» Your objective: Retype exactly the lines from the one that contains "These bright and" through the end of the listing, both included, but not the pictures.

» Data below:
=== Begin Enclosure ===

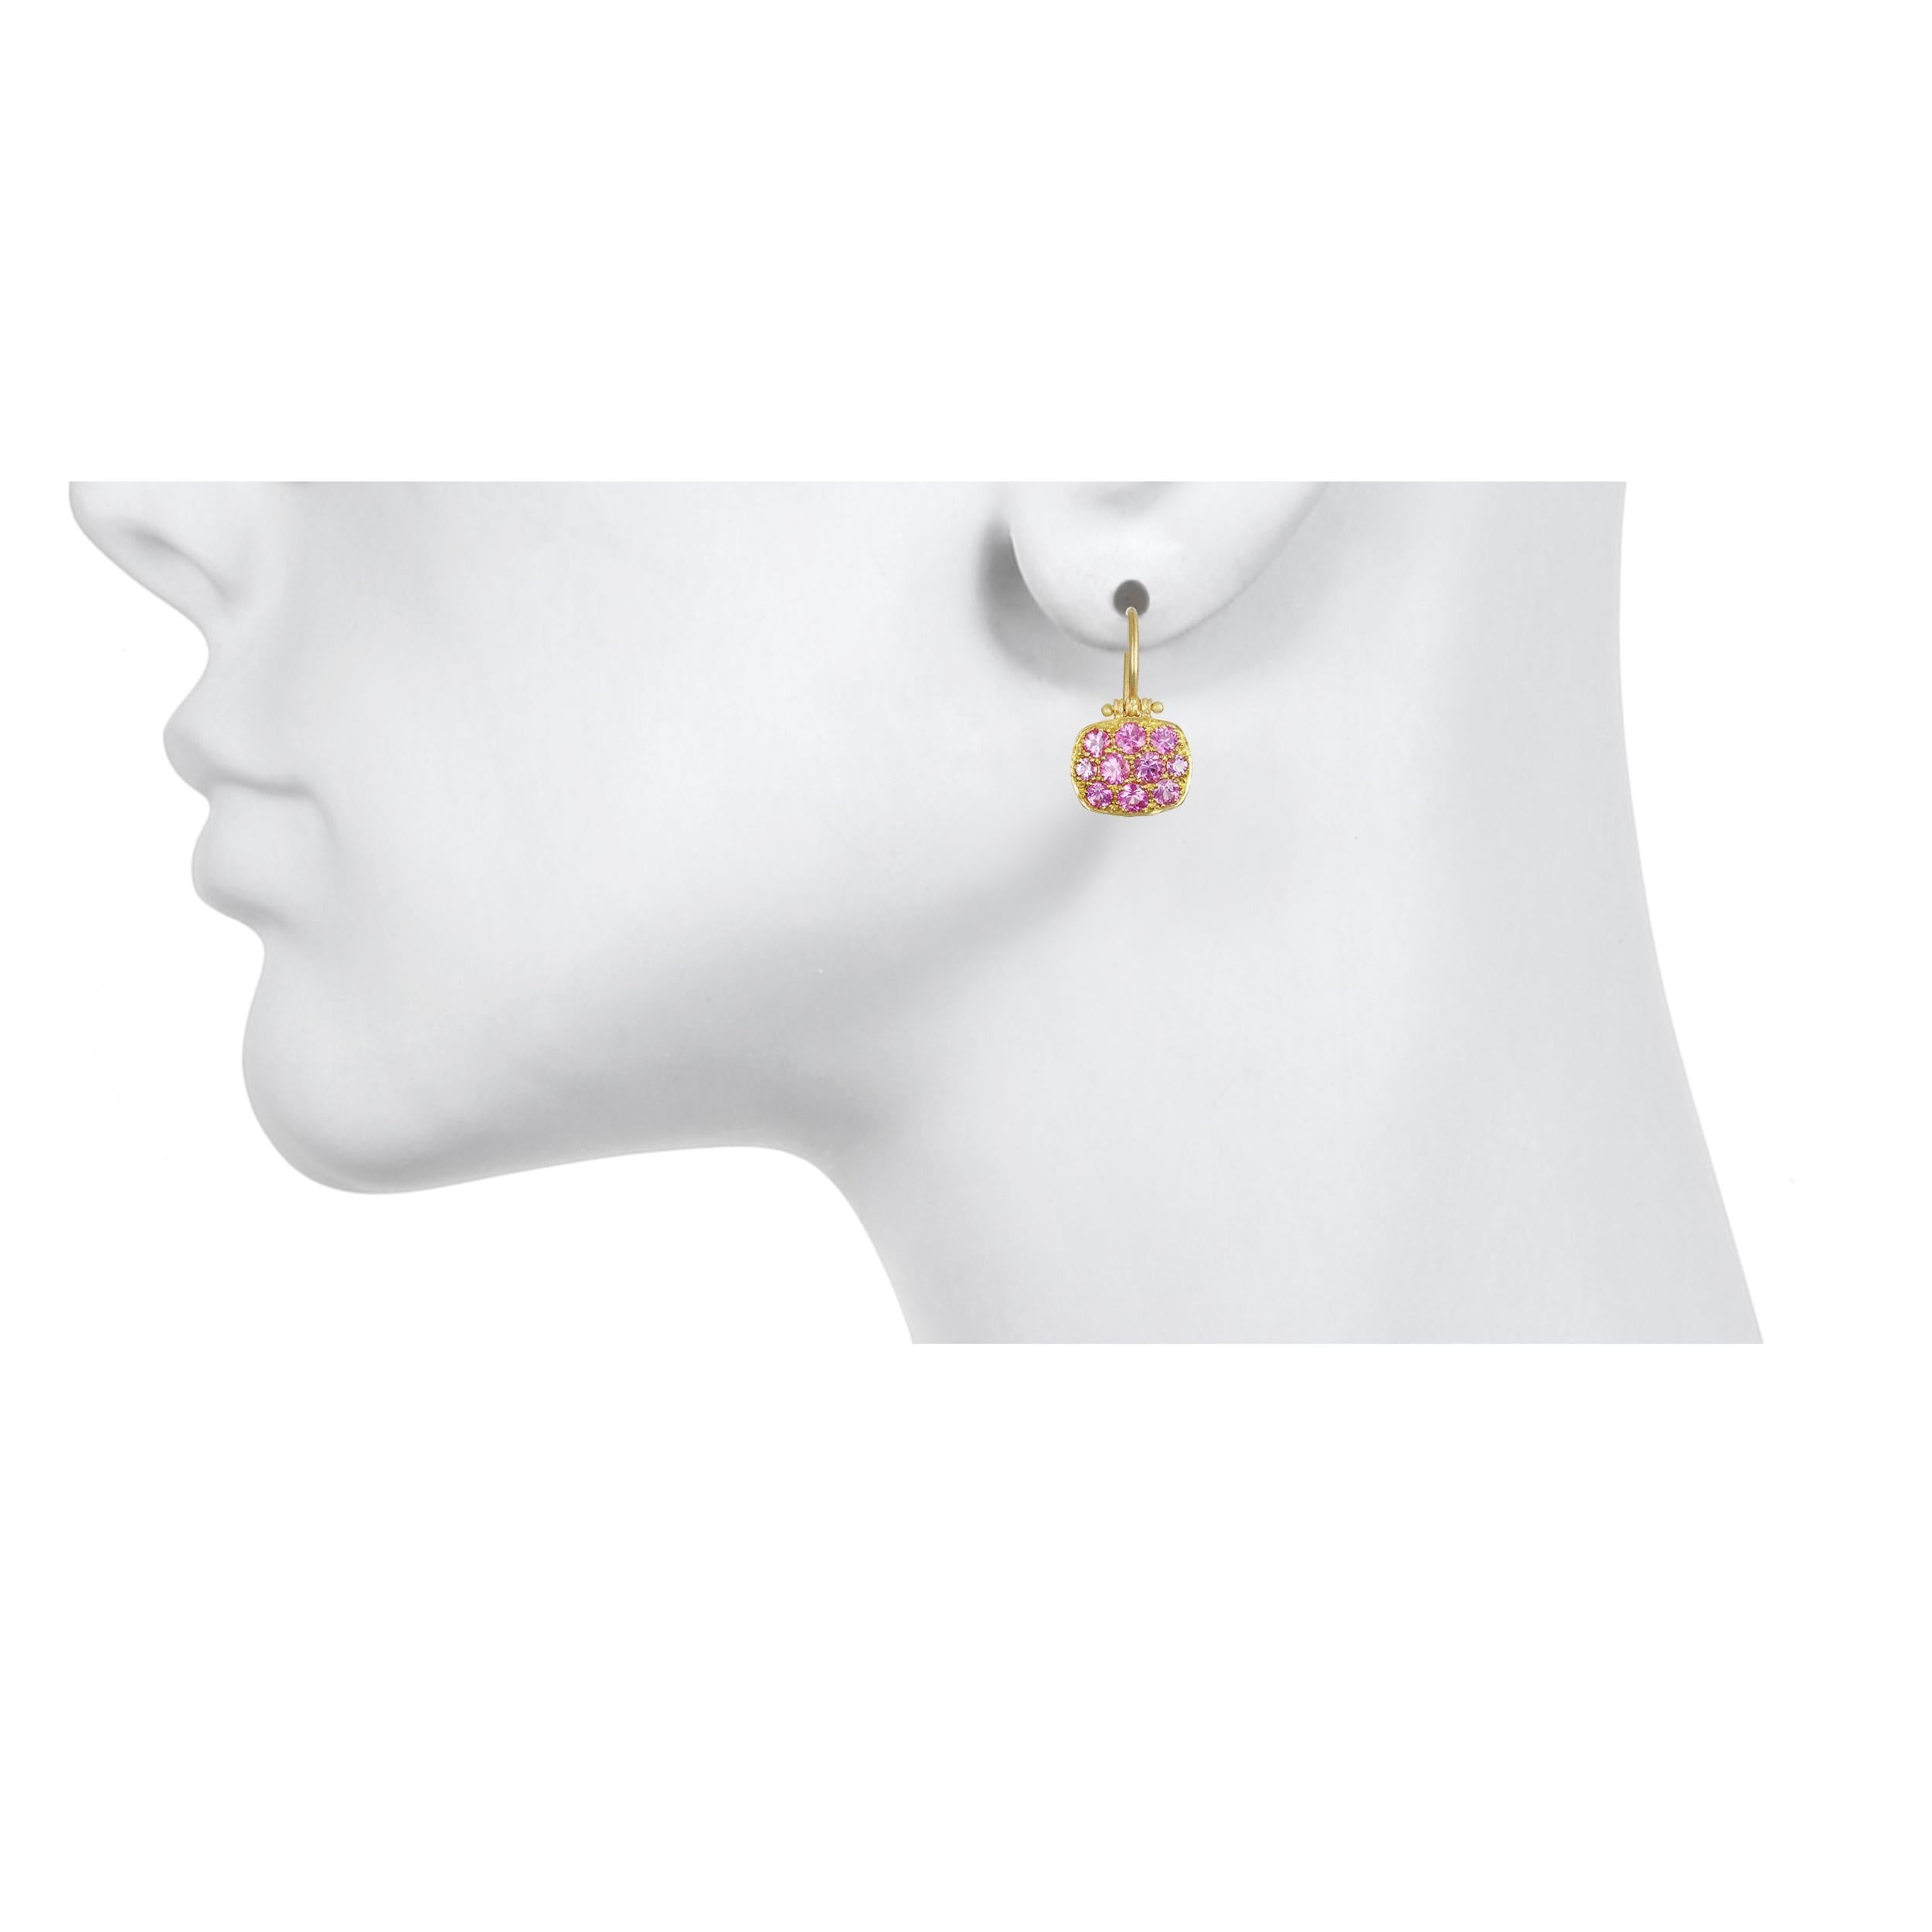 Faye Kim 18 Karat Pink Sapphire Chiclet Earrings 

These bright and happy pink sapphire chiclet earrings have just enough sparkle to get noticed but with understated elegance.  Hinged for movement, uniquely shaped and light-weight make these
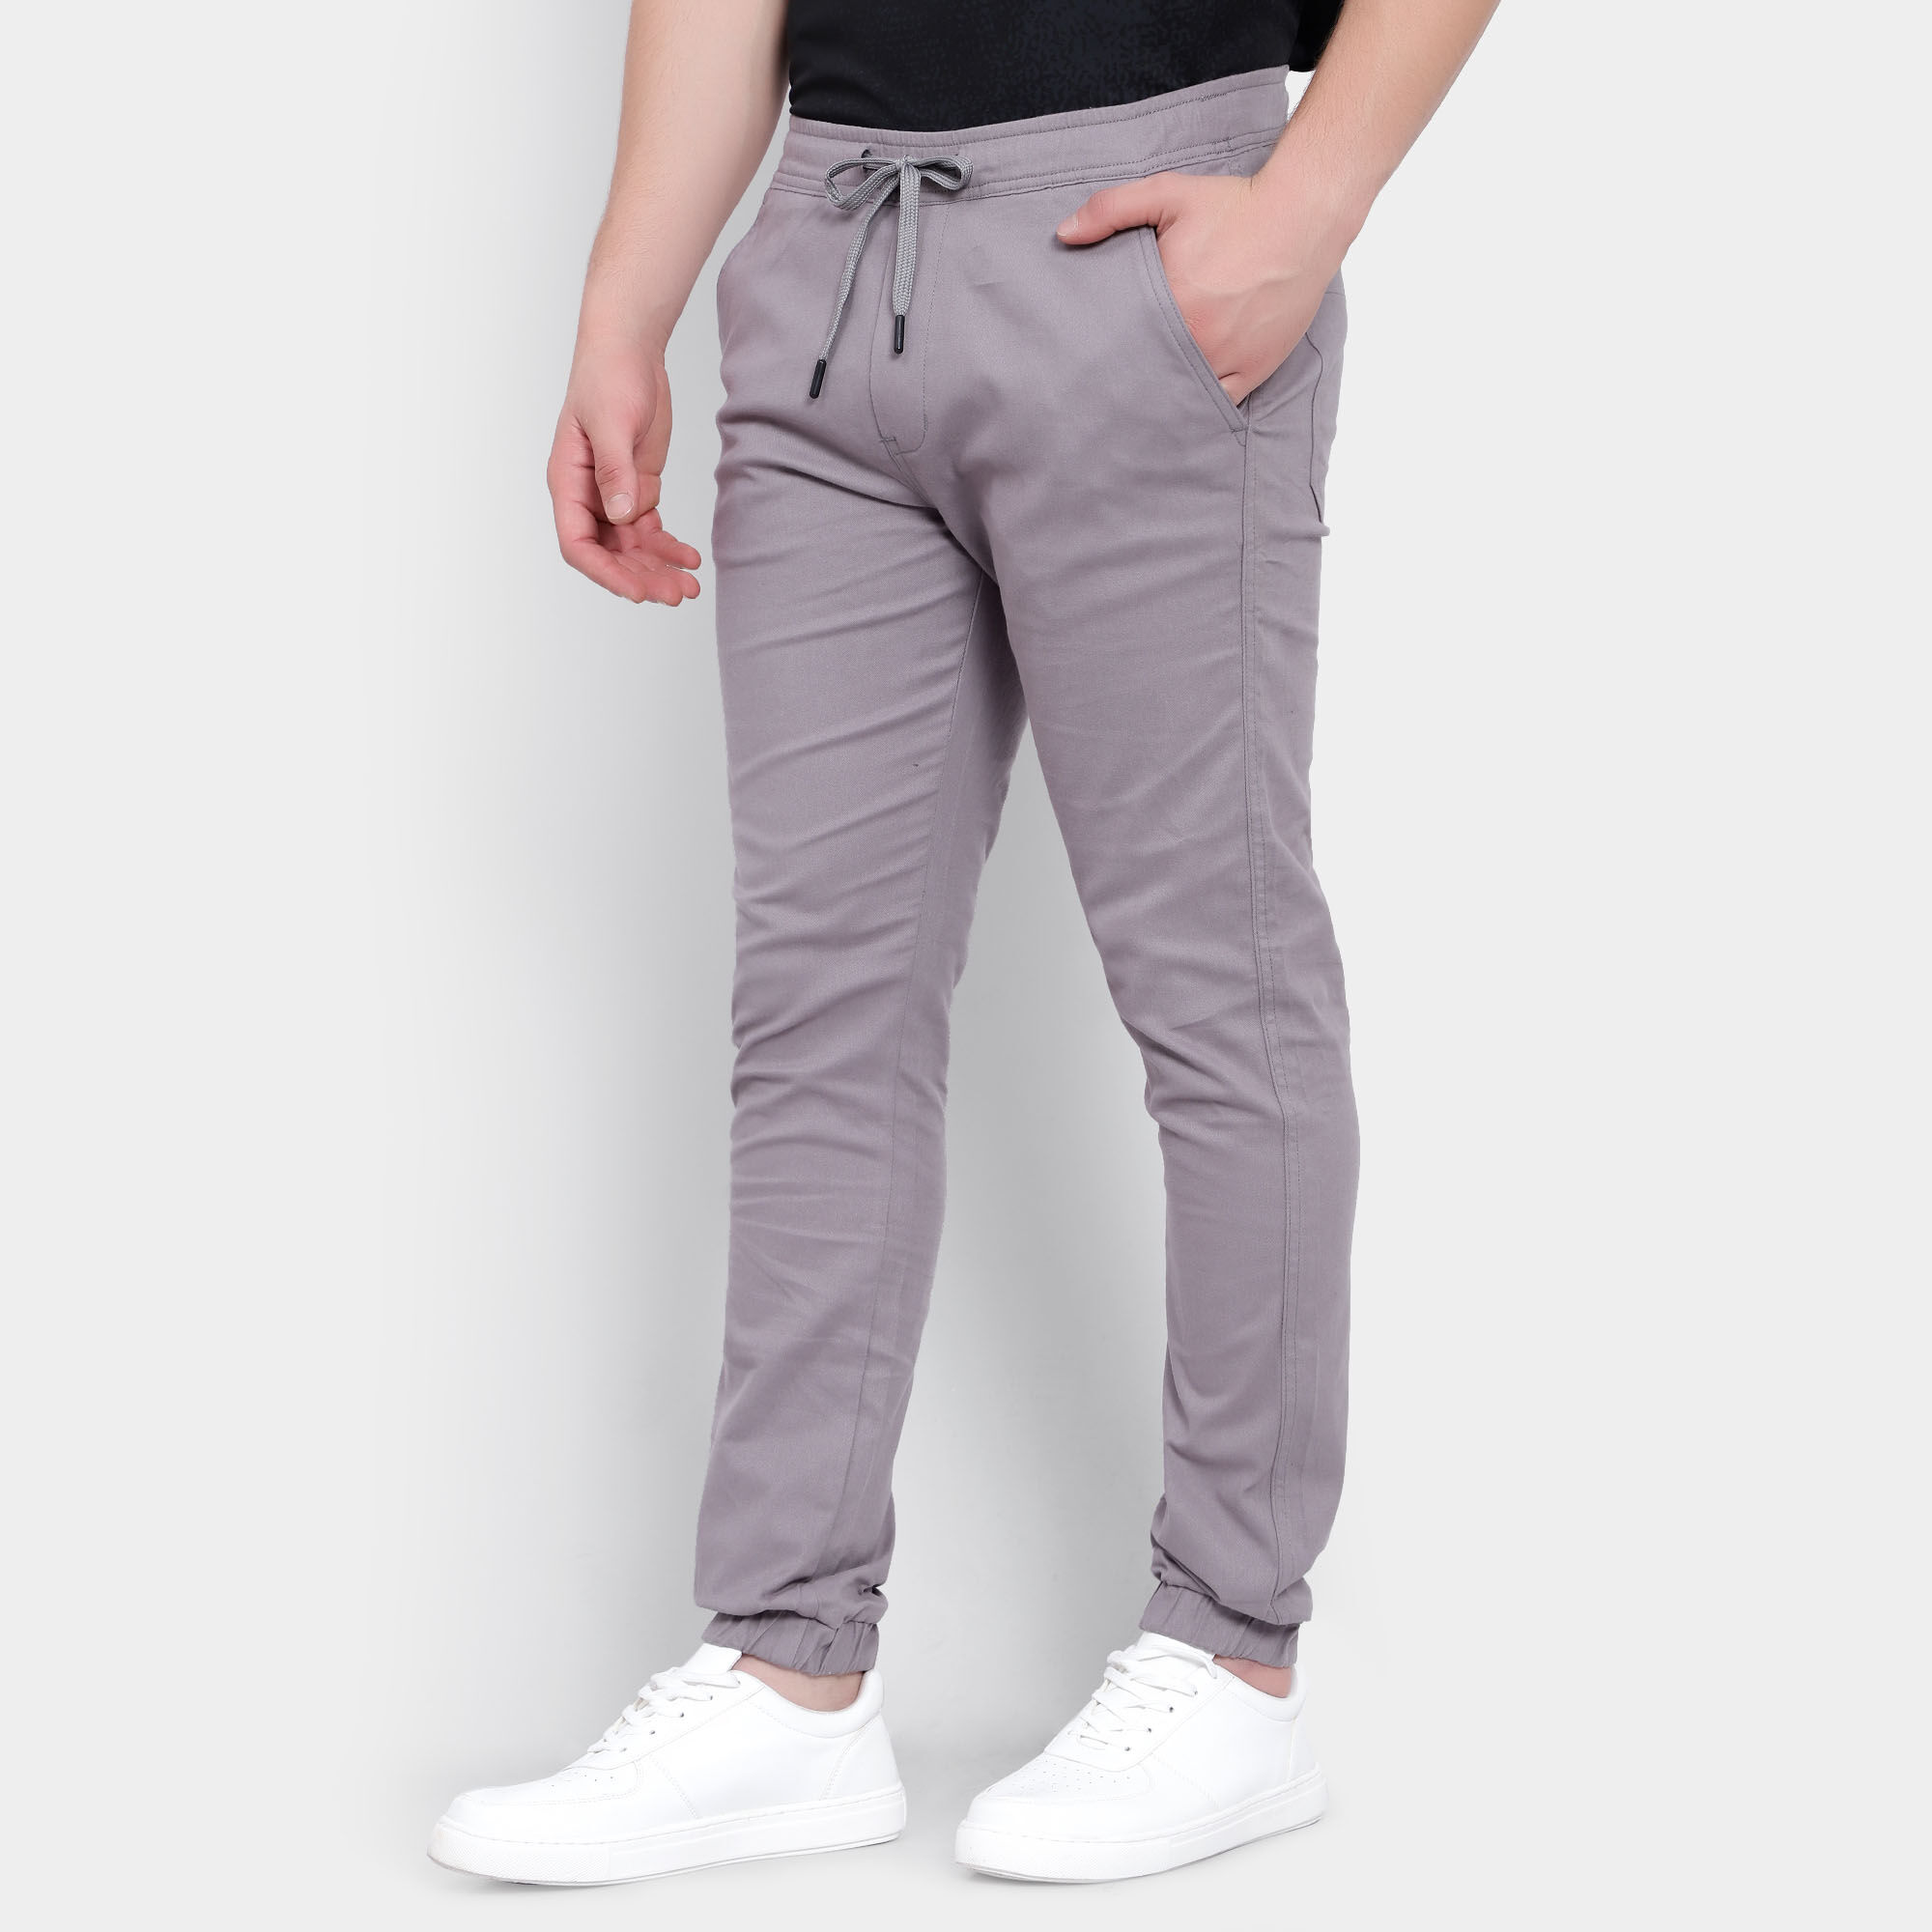 Flat Slim Fit White Polyester Formal Trouser, Machine wash, Size: 30-40  Inch at Rs 349 in Bhilwara

=== End Enclosure ===

» Written answer:
These bright and happy pink sapphire chiclet earrings have just enough sparkle to get noticed but with understated elegance.  Hinged for movement, uniquely shaped and light-weight make these
 Flat Slim Fit White Polyester Formal Trouser, Machine wash, Size: 30-40  Inch at Rs 349 in Bhilwara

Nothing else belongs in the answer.